• _Task description_:
Only the pictures are to be dropped; the rest of the data below is to be duplicated exactly.

• _Data below_:
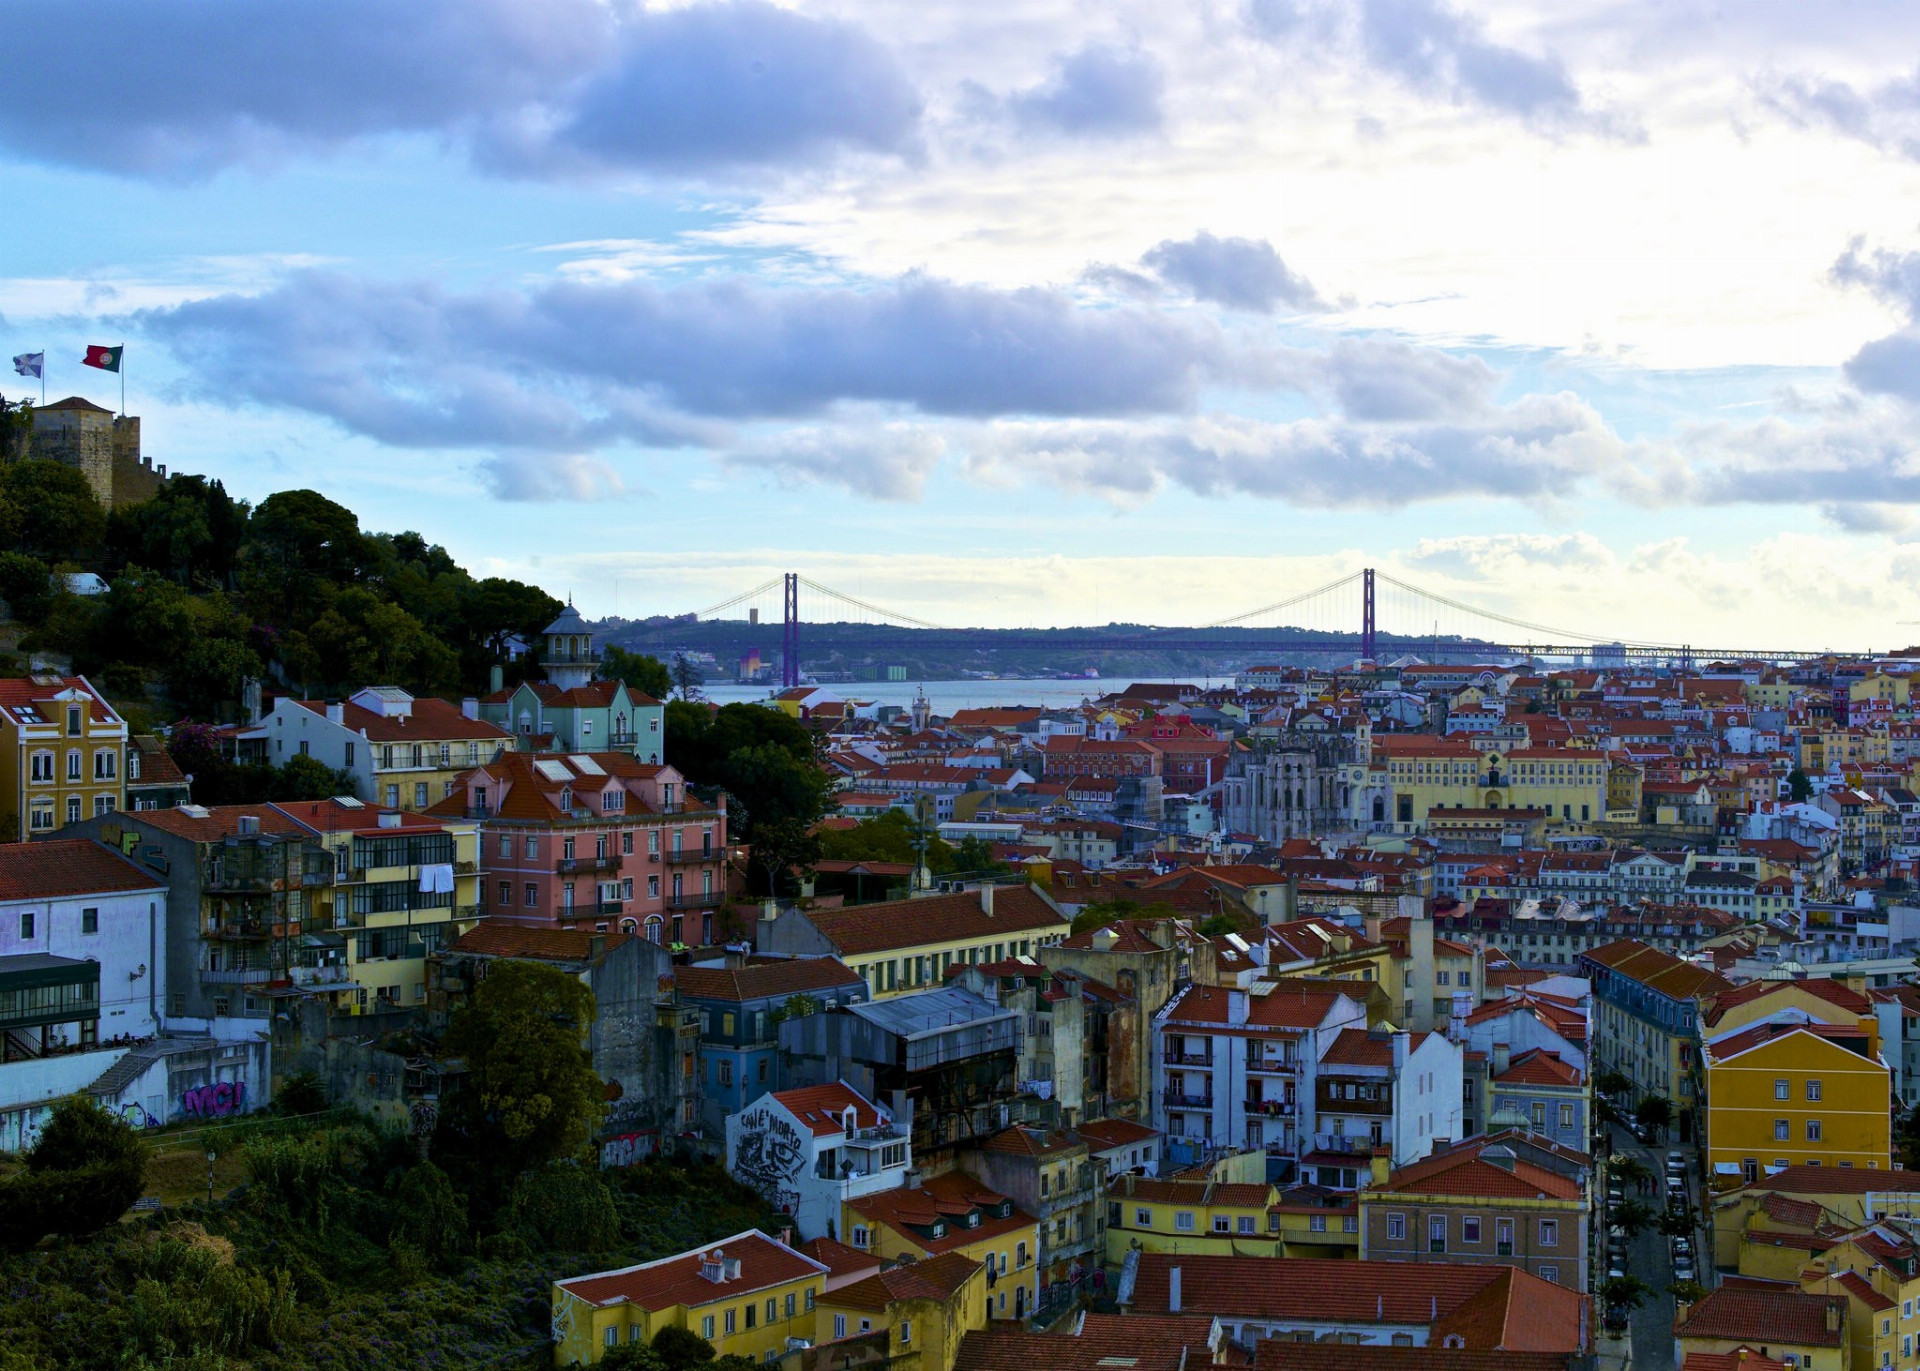 Lisabon láka svojimi romantickými výhľadmi na rieku a historickými električkami. Očarujúce pláže v regióne Algarve, kúzelné mestá Coimbra, Aveiro a Porto a čarovné vinice vás určite tak skoro v Portugalsku neomrzia. Ceny sú veľmi rozumné – káva za 60 centov nie je mýtus.
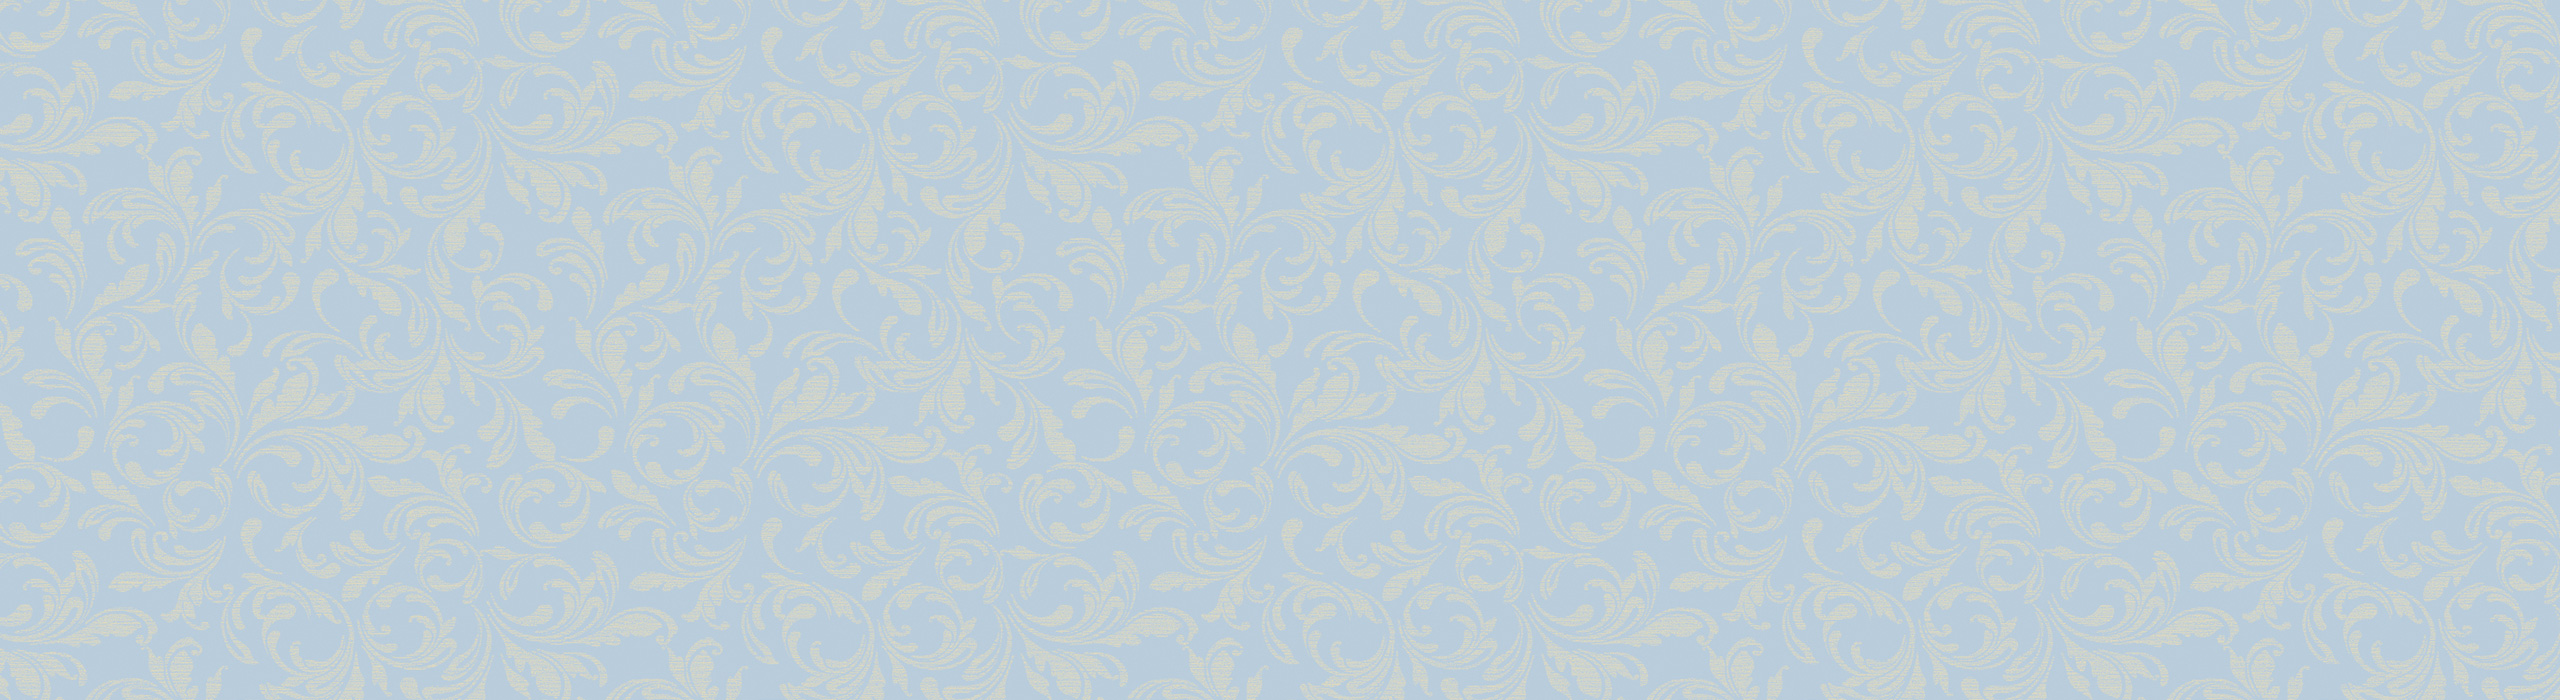 картинка 88278-4 Veluce 2018 Обои виниловые на бумажной основе 1.06*15.6 рисунок орнамент цвет синий
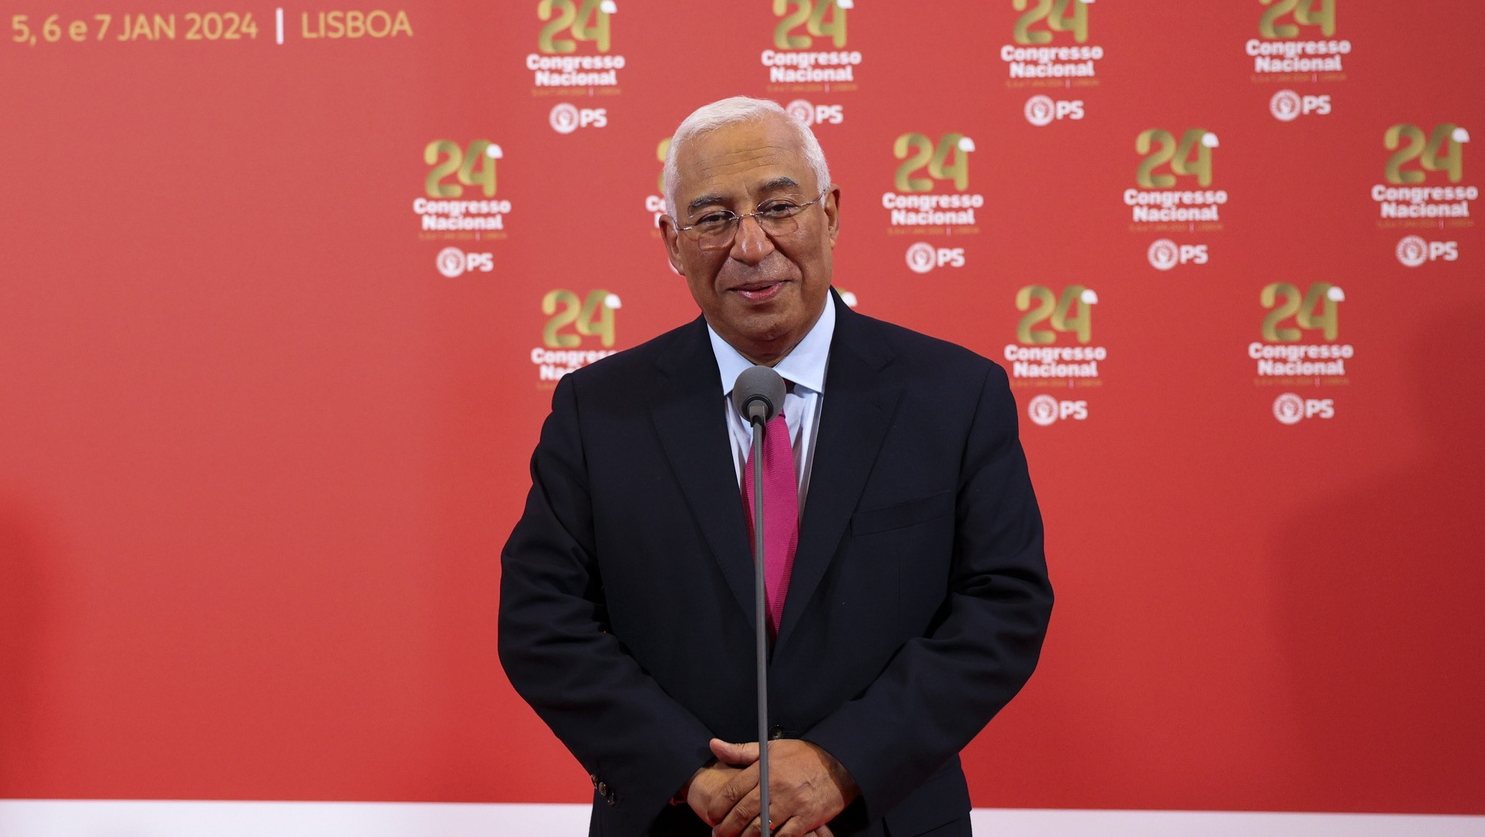 O primeiro-ministro, António Costa, intervém durante o XXIV Congresso Nacional do Partido Socialista (PS), na Feira Internacional de Lisboa, 05 de janeiro de 2024. ANTÓNIO COTRIM/LUSA

• _Task result_:
 Lisabon láka svojimi romantickými výhľadmi na rieku a historickými električkami. Očarujúce pláže v regióne Algarve, kúzelné mestá Coimbra, Aveiro a Porto a čarovné vinice vás určite tak skoro v Portugalsku neomrzia. Ceny sú veľmi rozumné – káva za 60 centov nie je mýtus.
 картинка 88278-4 Veluce 2018 Обои виниловые на бумажной основе 1.06*15.6 рисунок орнамент цвет синий
 O primeiro-ministro, António Costa, intervém durante o XXIV Congresso Nacional do Partido Socialista (PS), na Feira Internacional de Lisboa, 05 de janeiro de 2024. ANTÓNIO COTRIM/LUSA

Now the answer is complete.